Nach dem Brand des Dorfes wurde die Zerstörung von Lidice mit schweren Bomben fortgesetzt, bis sich die Nazis in Lidice nach der Vernichtung der Lebenden und der Zerstörung ihrer Häuser auf die Toten konzentrierten. Selbst die Erhabenheit des Todes und der allgemeine menschliche Respekt vor den Toten hielten sie nicht davon ab. Sie zerstörten barbarisch den Lidice- Friedhof. Nach und nach plünderten sie sechzig Gräber, einhundertvierzig große Familiengräber und zweihundert Einzelgräber. All dies sollte eine „erzieherische Wirkung“ auf die RAD-Mitglieder haben.
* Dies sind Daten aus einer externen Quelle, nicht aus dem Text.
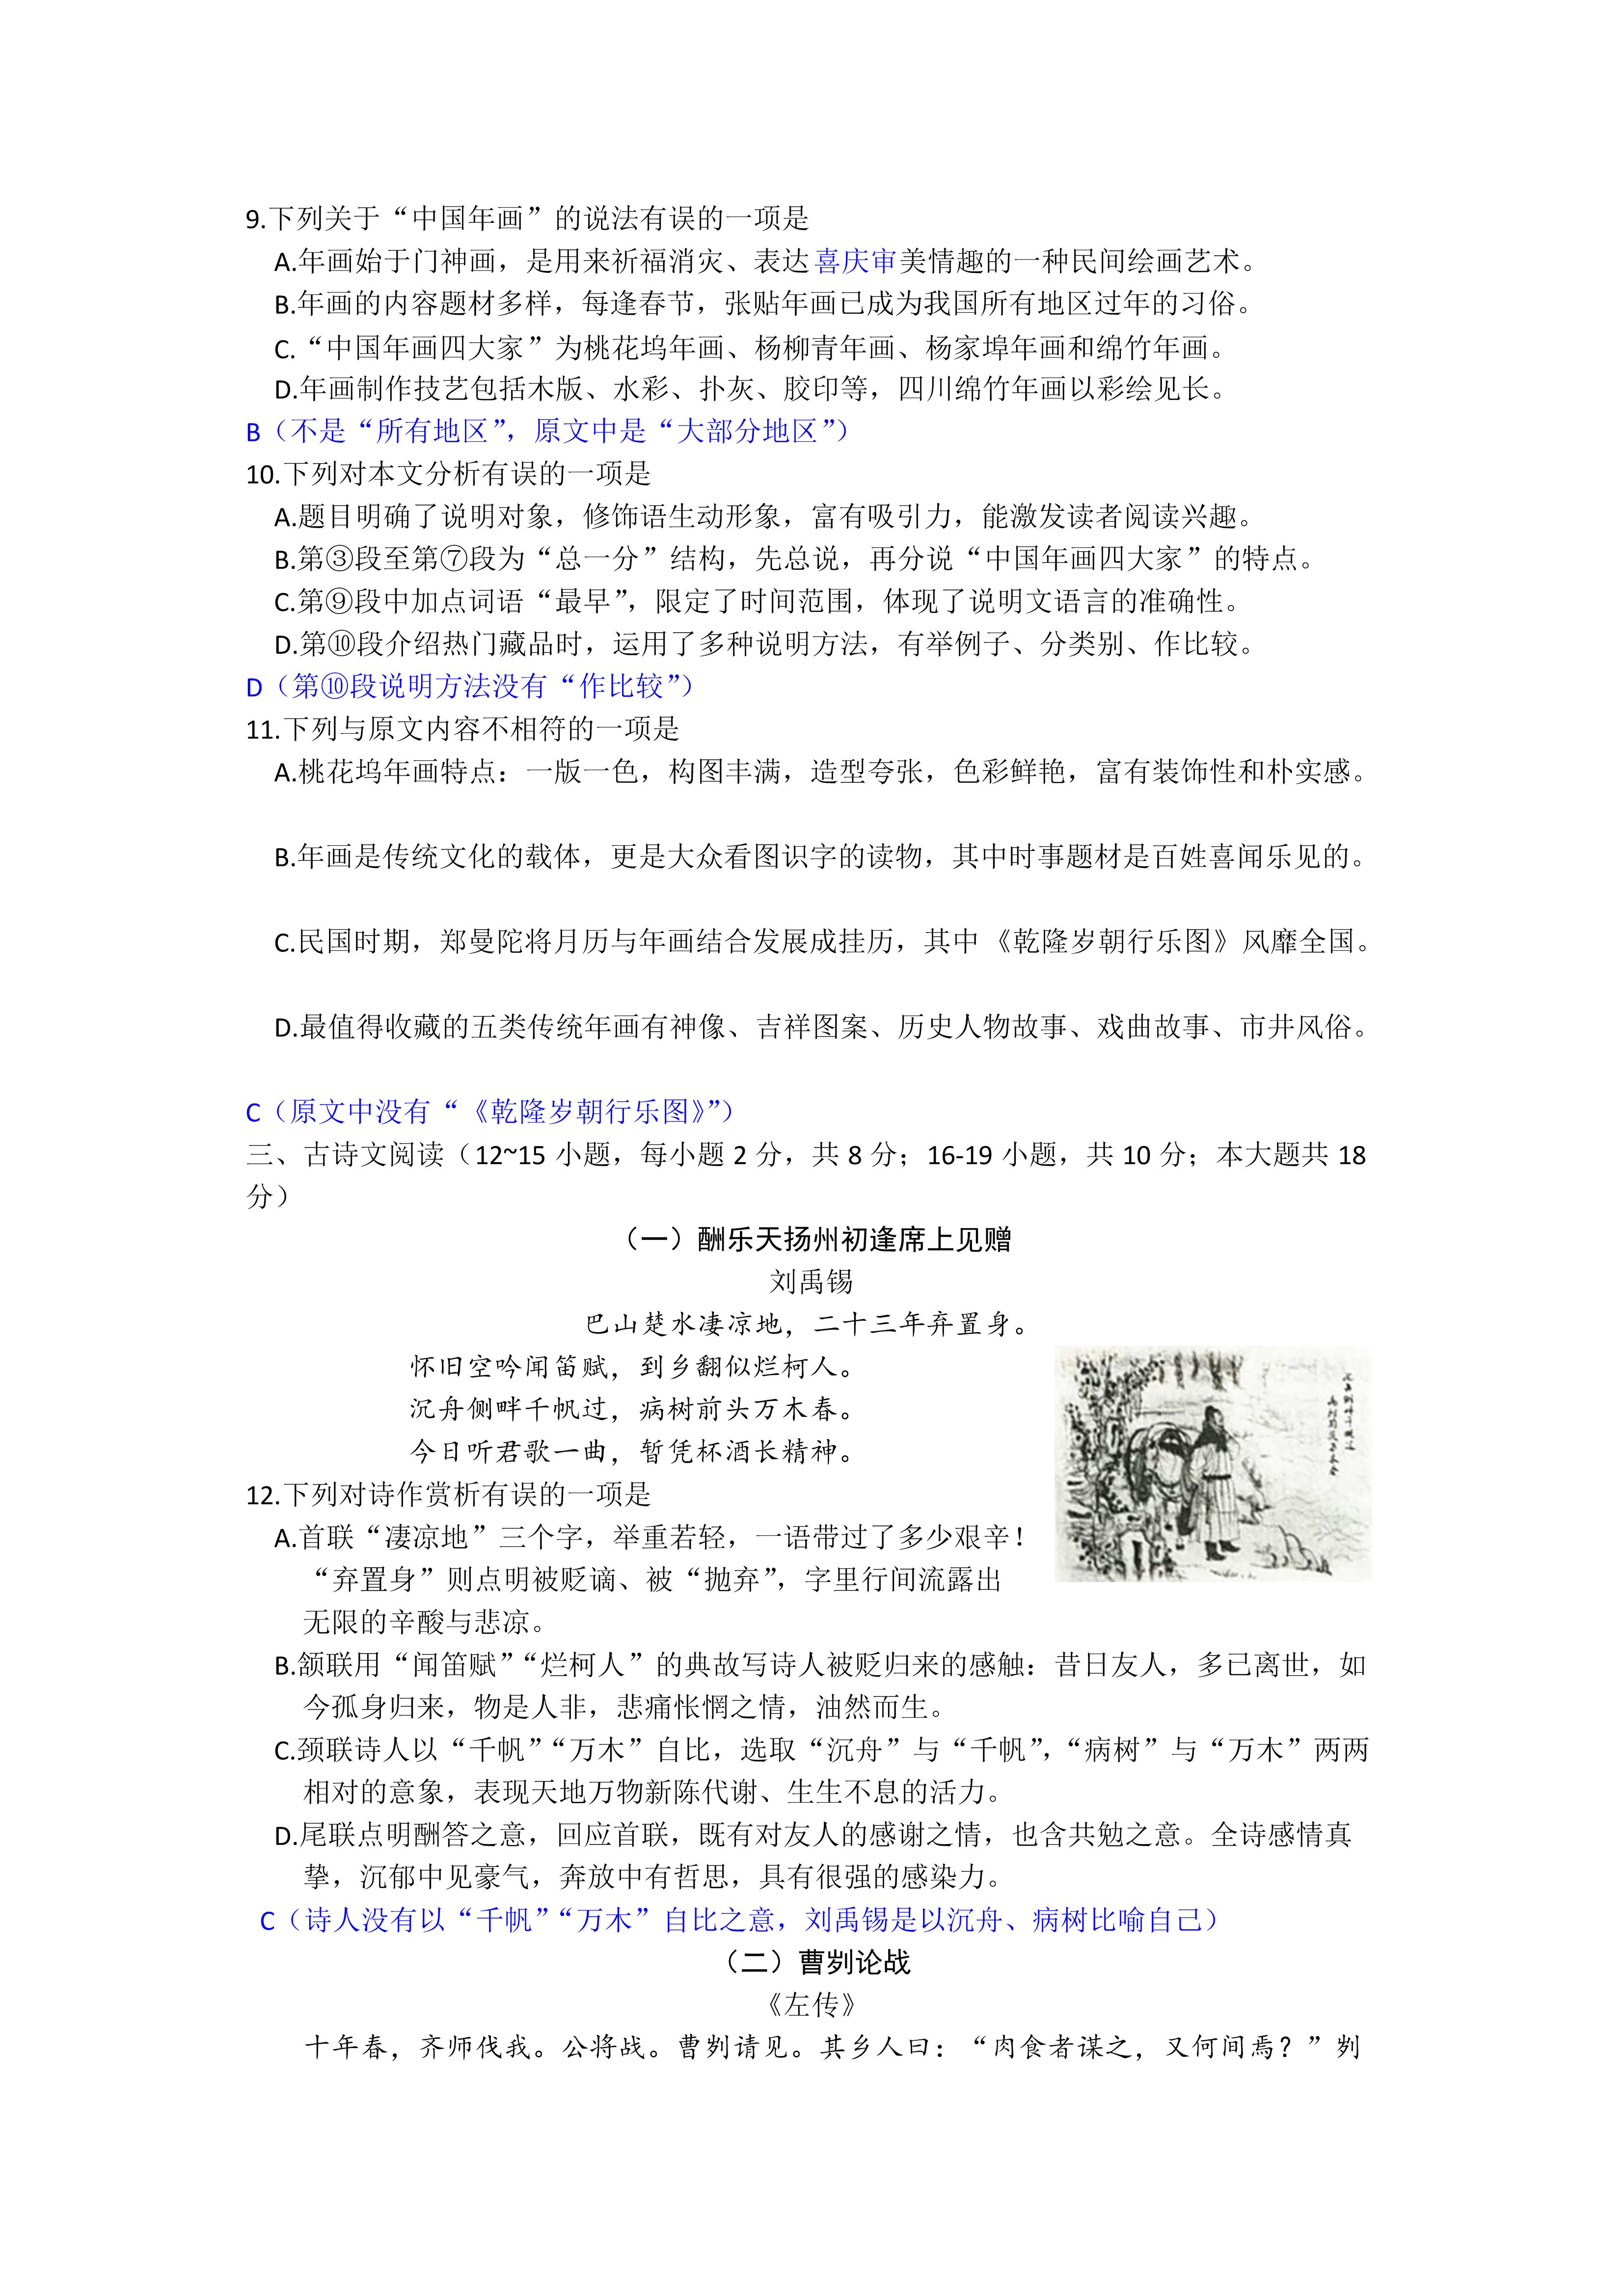 2019年广西玉林中考语文真题及答案【图片版】4.png

Die Tragödie von Lidice nahm am 16. Juni 1942 ihre traurige Fortsetzung, als weitere 26 Einwohner am Abend auf dem Prager Schießplatz Kobylisy hingerichtet wurden. Fünfzehn Mitglieder der Familien Horák und Stříbrny (Brüder Bohumil, Josef, Stanislav und Štěpán Horák mit ihren Frauen und Kindern, die Witwe von František Horák mit ihrem Sohn Václav, der Schwiegersohn von Bohumil Horák – Václav Kohlíček und Maria Stříbrna mit ihr Sohn František) wurden bereits am 4. Juni 1942 in Lidice verhaftet, gemeinsam mit sieben Arbeitenr (František Černý, Karel Hroník, Josef Kácel, Václav Kadlec, Václav Kopáček, Jaroslav Müller und Josef Petrák), die am schicksalhaften 10. Juni 1942 in der Nachtschicht waren. Zusammen mit ihnen stand František Pitín vor dem Erschießungskommando, dem ursprünglich die Flucht gelungen war, der aber aufgrund eines Hinweises des Waldarbeiters Josef Černý von der Gestapo gefangen genommen wurde, sowie Bohumil Pospíšil, der sogar mit einem Gipsverband am Bein aus dem Krankenhaus in Kladno hierher gebracht wurde, und zwei erst fünfzehnjährige Jungen, Josef Doležal und Josef Nerad.